Monday, September 17, 2007

County Trash Proposal Reviewed

The following was presented by Dr. Jerry Eichholz, Treasurer for the Paddock Forest Residents Association, Inc., who researched this issue on their behalf.

The information comes directly from the Trash Districts Development Report for the Citizens of St. Louis County prepared by The Solid Waste Management Task Force dated July 31, 2007. The complete 20 page document is available on the St. Louis County web site at

Beginning of material from report

The County Council unanimously passed an ordinance in December 2006 that, among other things, established two important policies related to this report. First, it established a new minimum standard for residential trash collection in the county. This standard provides that all licensed haulers must (as a condition of their license) provide a minimum collection frequency of once each week for each residence in the county. In addition, that weekly collection must include recycling as an element of the fees collected without added charges. Finally, the minimum service must include two bulky pick-ups each year, again as a part of the basic service without an added fee for services. The new standard was to have gone into effect in April 2007. (The effective date of the new standard has been delayed by further act of the County Council to January 2008).

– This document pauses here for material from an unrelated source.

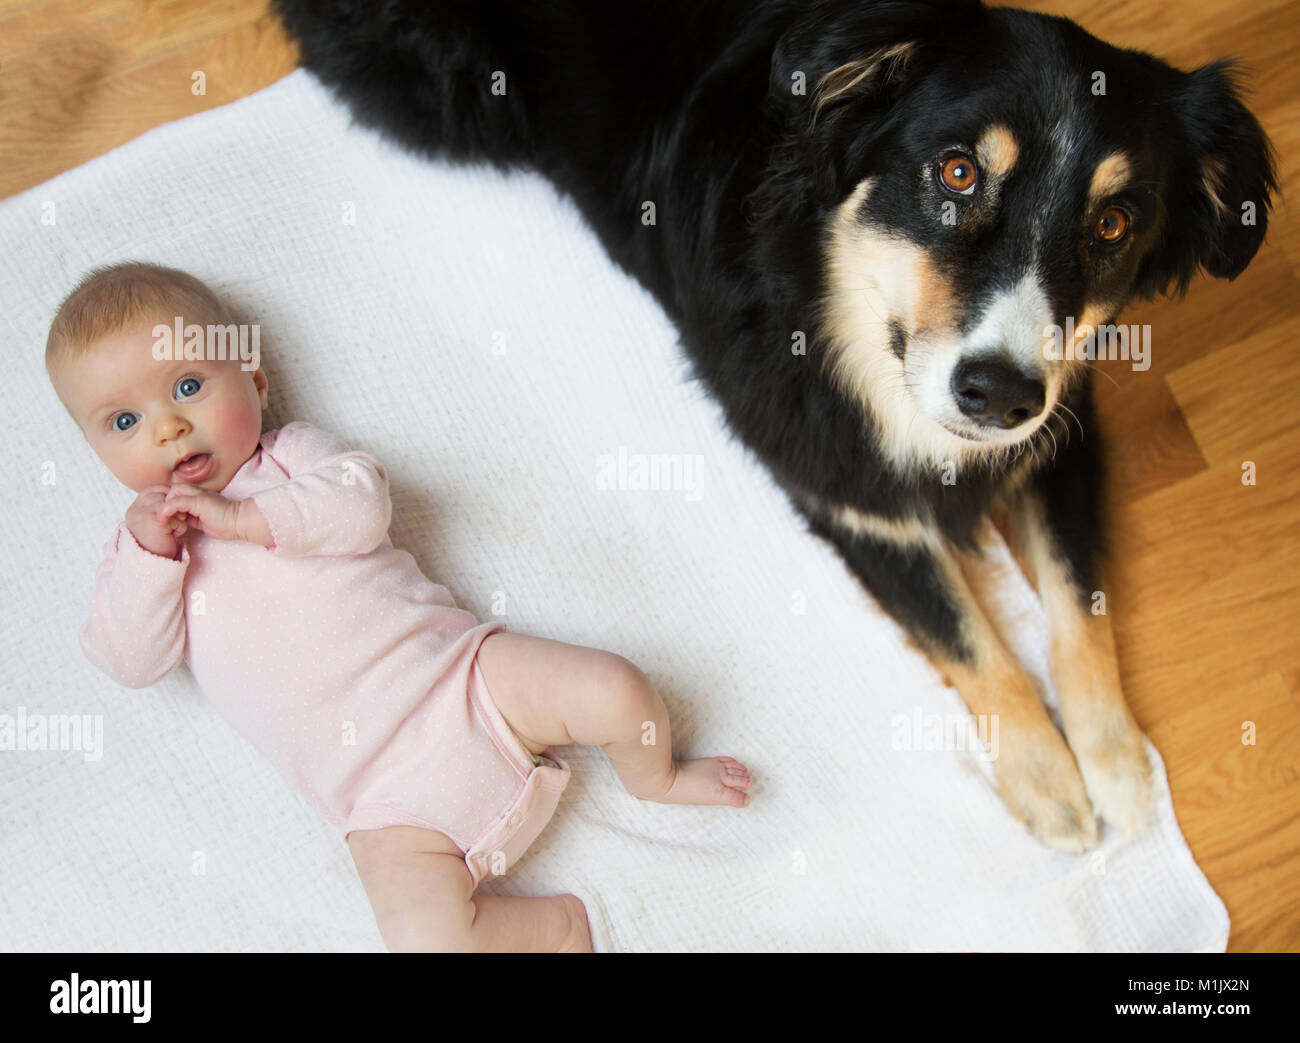 Elevato angolo di visione del bambino e cane la posa sul pavimento Foto Stock

The second important policy was the authority to establish operating trash service districts and contracts to serve unincorporated St. Louis County. This policy required the County Executive to set logical district boundaries along established transportation corridors and other geographic landmarks to set the stage for providing residential trash collection services. The boundaries for Trash Districts are to be established by January 2008. In addition, the ordinance authorized the County Executive to enter into contracts to provide trash services in the districts.

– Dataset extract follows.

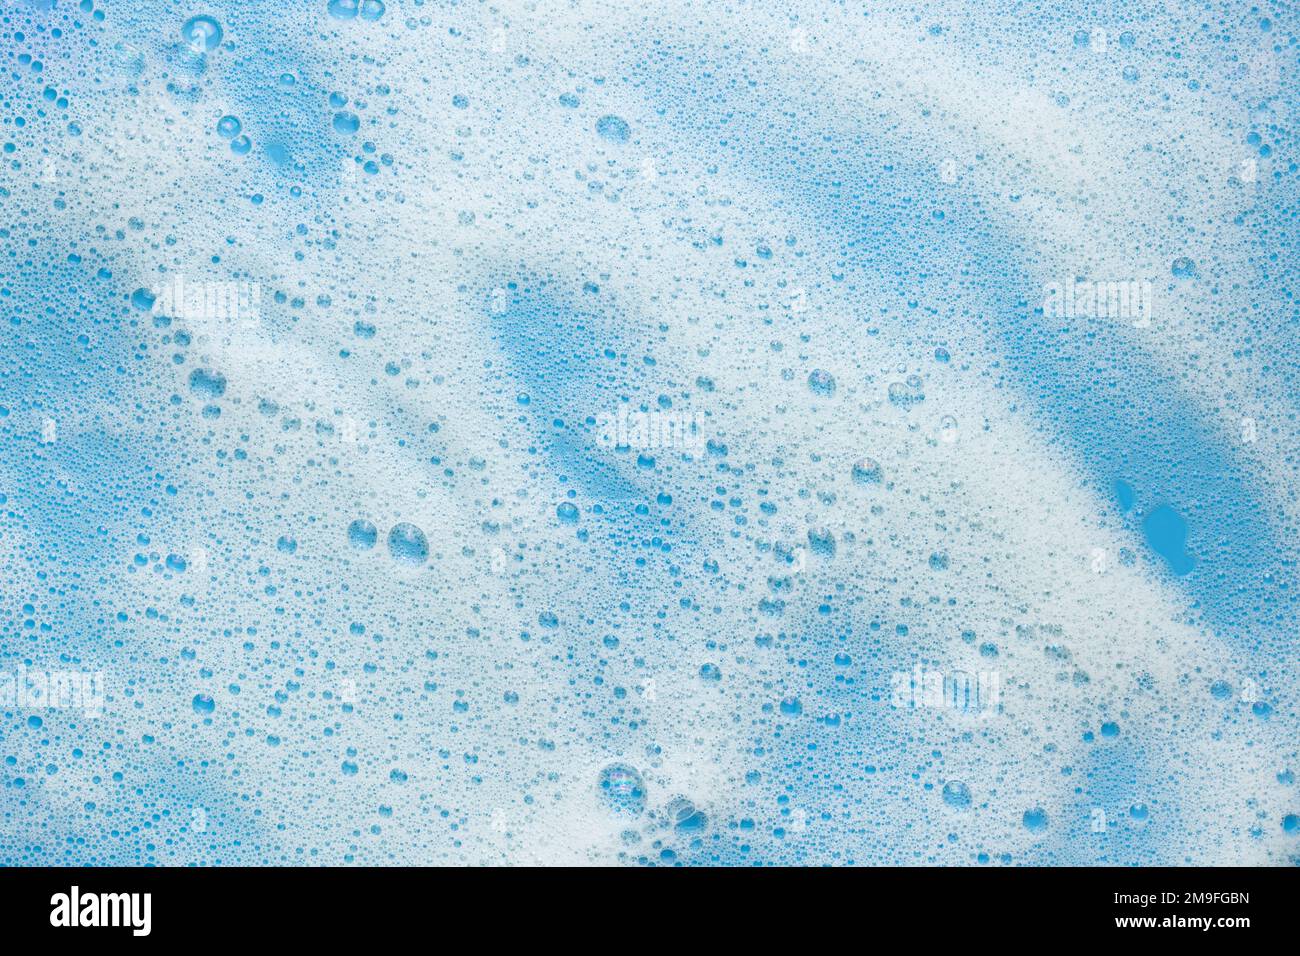 Mousse di schiuma bianca su sfondo blu. Concetto per prodotti schiumogeni, cosmetici o prodotti per la pulizia. Foto Stock

Impact on Price: The minimum standard currently included in the solid waste code may result in a higher cost to some residents. This is driven by two factors. First, many residents do not pay for the minimum collections as previously required by law. Increasing the quality of service to a minimum collection of once per week per residence will cause an increase in price to some residents. Second, imbedding the recycling costs within the minimum standards may increase costs for those who have not selected the recycling option from their current service provider.

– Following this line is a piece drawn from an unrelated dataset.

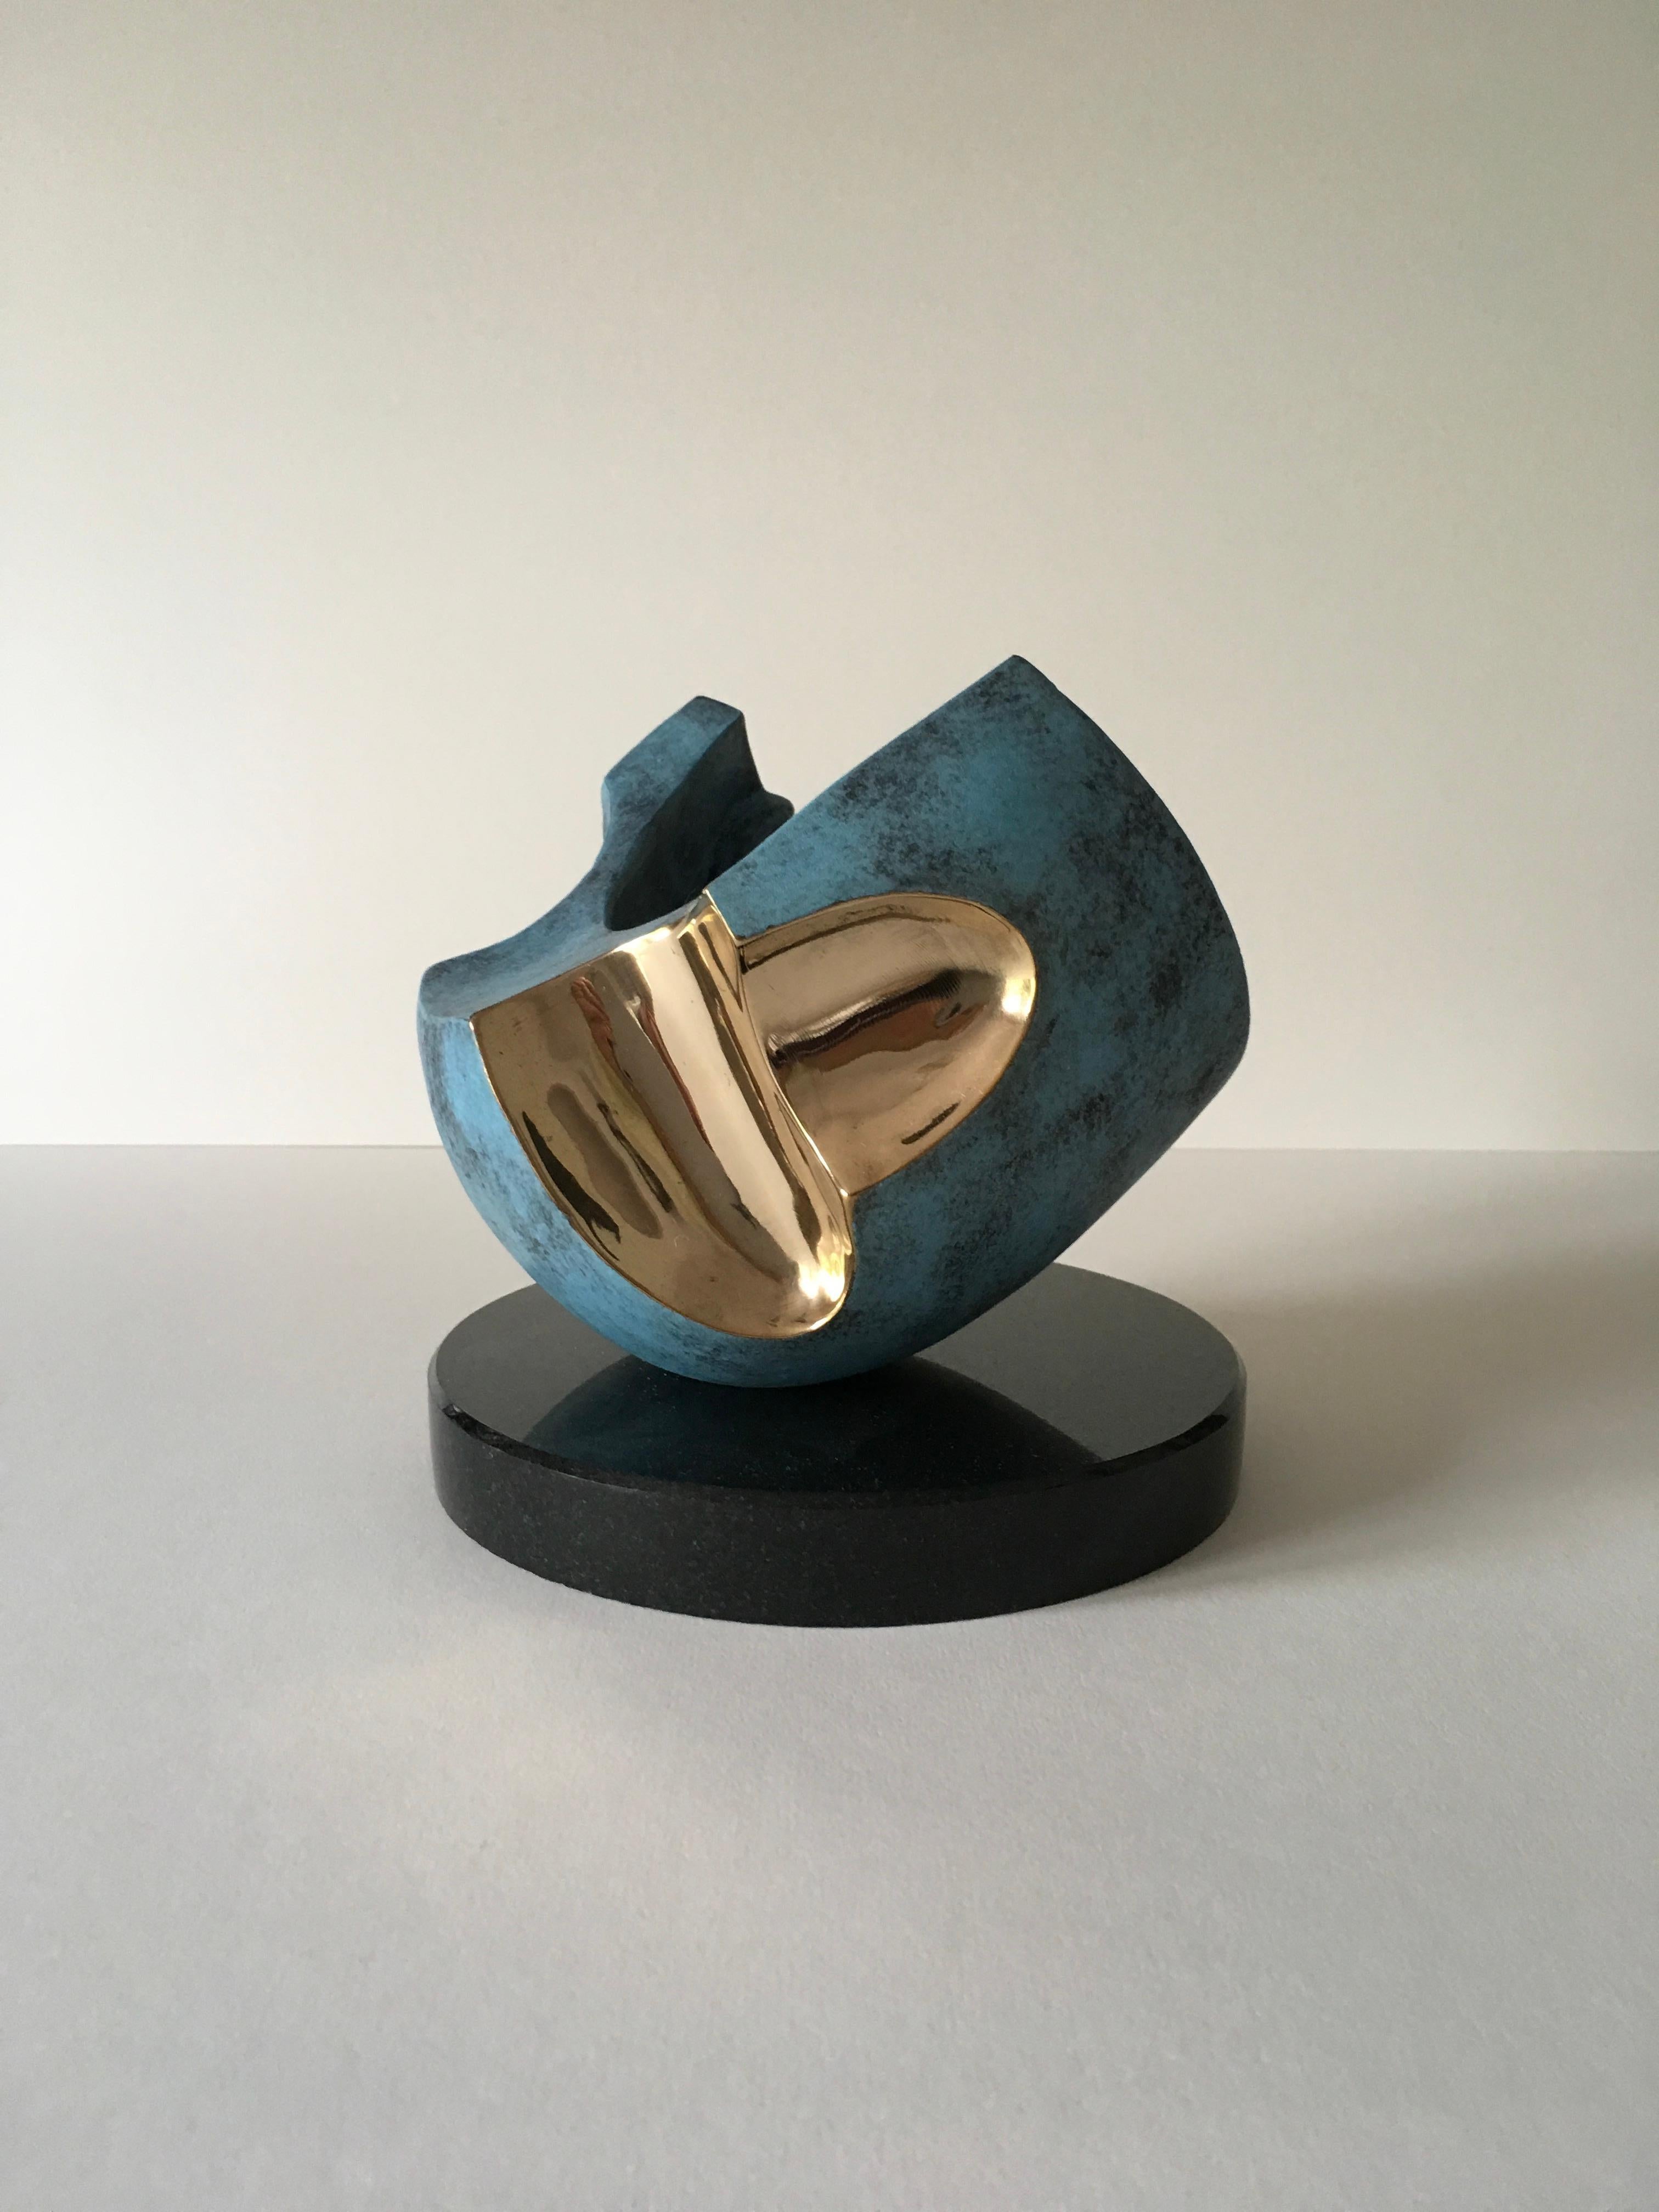 Dieses moderne und unverwechselbare Kunstwerk des zeitgenössischen Künstlers und Bildhauers David Sprakes verschiebt die Grenzen der modernen Bildhauerei. Sprakes nutzt Materialität und Design, um einzigartige und originelle künstlerische Formen zu

Task Force Conclusion: After extended considerations, the task force has concluded the minimum standard for residential service should NOT be changed. The most controversial part of the standard is the imbedded provisions for recycling. Many residents have complained that this requires them to pay for the service even when they choose not to use the service. The task force has been convinced that forcing the recycling issue by pushing it forward in the service system is our best opportunity to meet the 50% reduction in the waste stream by 2010. In the final analysis, recycling is a necessary part of residential solid waste collection for the future. Imbedding recycling in the minimum standard for service is the most affordable way to get recycling in practice rather than in theory. Imbedding recycling in the minimum service for everyone creates an opportunity to use the buying power of all residents to assure that affordable recycling is available to all. Over the long run, we believe universal recycling will reduce the total solid waste disposal costs to everyone, both people who actively recycle and those who do not.

Draft Model Contract: A draft model contract for district trash services is being developed by the Purchasing Division in cooperation with the Department of Health and Public Works and with the direct support of the County Counselor’s Office. Many of the questions still open (and listed in this document) will have to be answered before a complete contract can be developed. The contract will be fully developed before the first district contract is advertised.

Performance Bond: The winning proposer should post a minimum performance bond, letter of credit, or other appropriate instrument in the amount of $500,000 with a bonding company or other appropriate financial institution approved by the County.
Insurance: Respondent must submit proof of worker’s compensation and liability insurance. Liability insurance must be in the amount of $5,000,000 per person and $10,000,000 per accident, with a $10,000,000 aggregate for personal injury or property damage.

Opt out Considerations: Subdivisions that want to opt out of the designated county trash district should apply for an exemption from the contract actions of the county. This application should demonstrate proof that more than two thirds of the subdivision property owners prefer to contract for services on their own without the support of the county government. This declaration, certification, and qualification must be completed prior to the county advertising for any specific district contract.